XML Example Document

The following example illustrates a typical XML document, in this case a description of a recipe.

image

The document consists of elements that start and end with tags such as <title>...</title>. Elements are typically nested and organized into a hierarchy—for example, the <item> elements that appear under <ingredients>. Within each document, a single element is the document root. In the example, this is the <receipe> element.
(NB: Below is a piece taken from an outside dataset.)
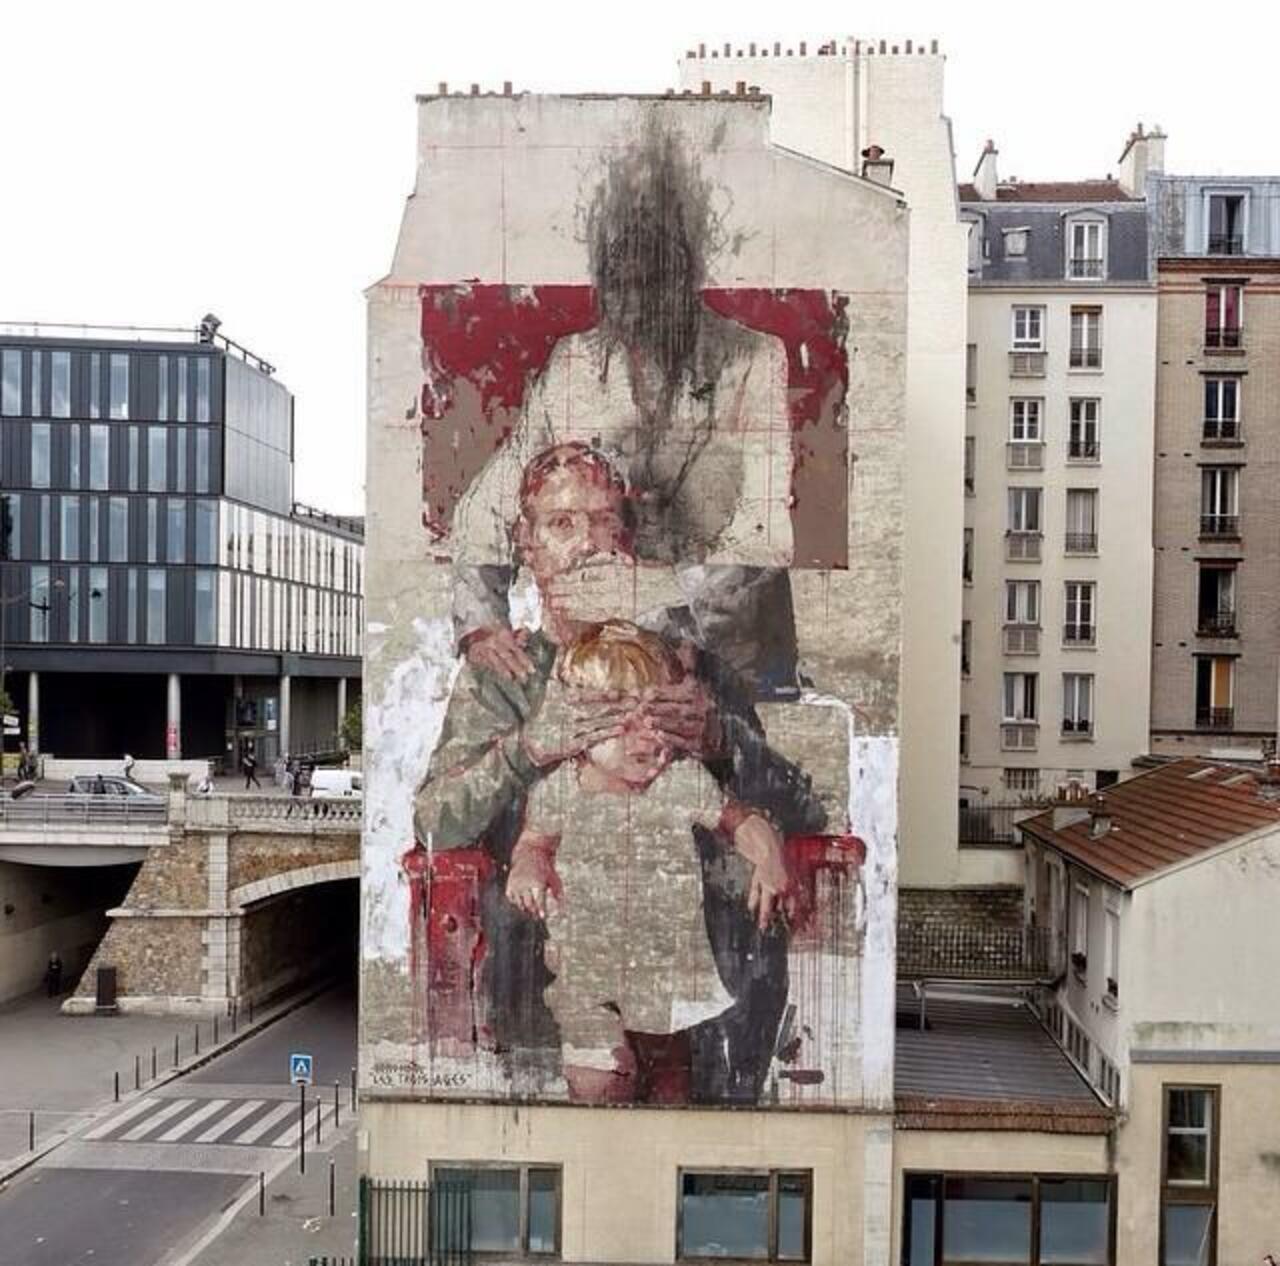 RT @GoogleStreetArt: New large scale Street Art by Borondo in Paris, France. 

#art #mural #graffiti #streetart http://t.co/eGYs8euWp2

Elements optionally have attributes as shown for the item elements <item num="4">Large avocados, chopped</item>.

Working with XML documents typically involves all of these basic features. For example, you may want to extract text and attributes from specific element types. To locate elements, you have to navigate through the document hierarchy starting at the root element.

xml.dom.minidom

The xml.dom.minicom module provides basic support for parsing an XML document and storing it in memory as a tree structure according to the conventions of DOM. There are two parsing functions:

parse(file [, parser])

Parses the contents of file and returns a node representing the top of the document tree. ile is a filename or an already-open file object. parser is an optional SAX2-compatible parser object that will be used to construct the tree. If omitted, a default parser will be used.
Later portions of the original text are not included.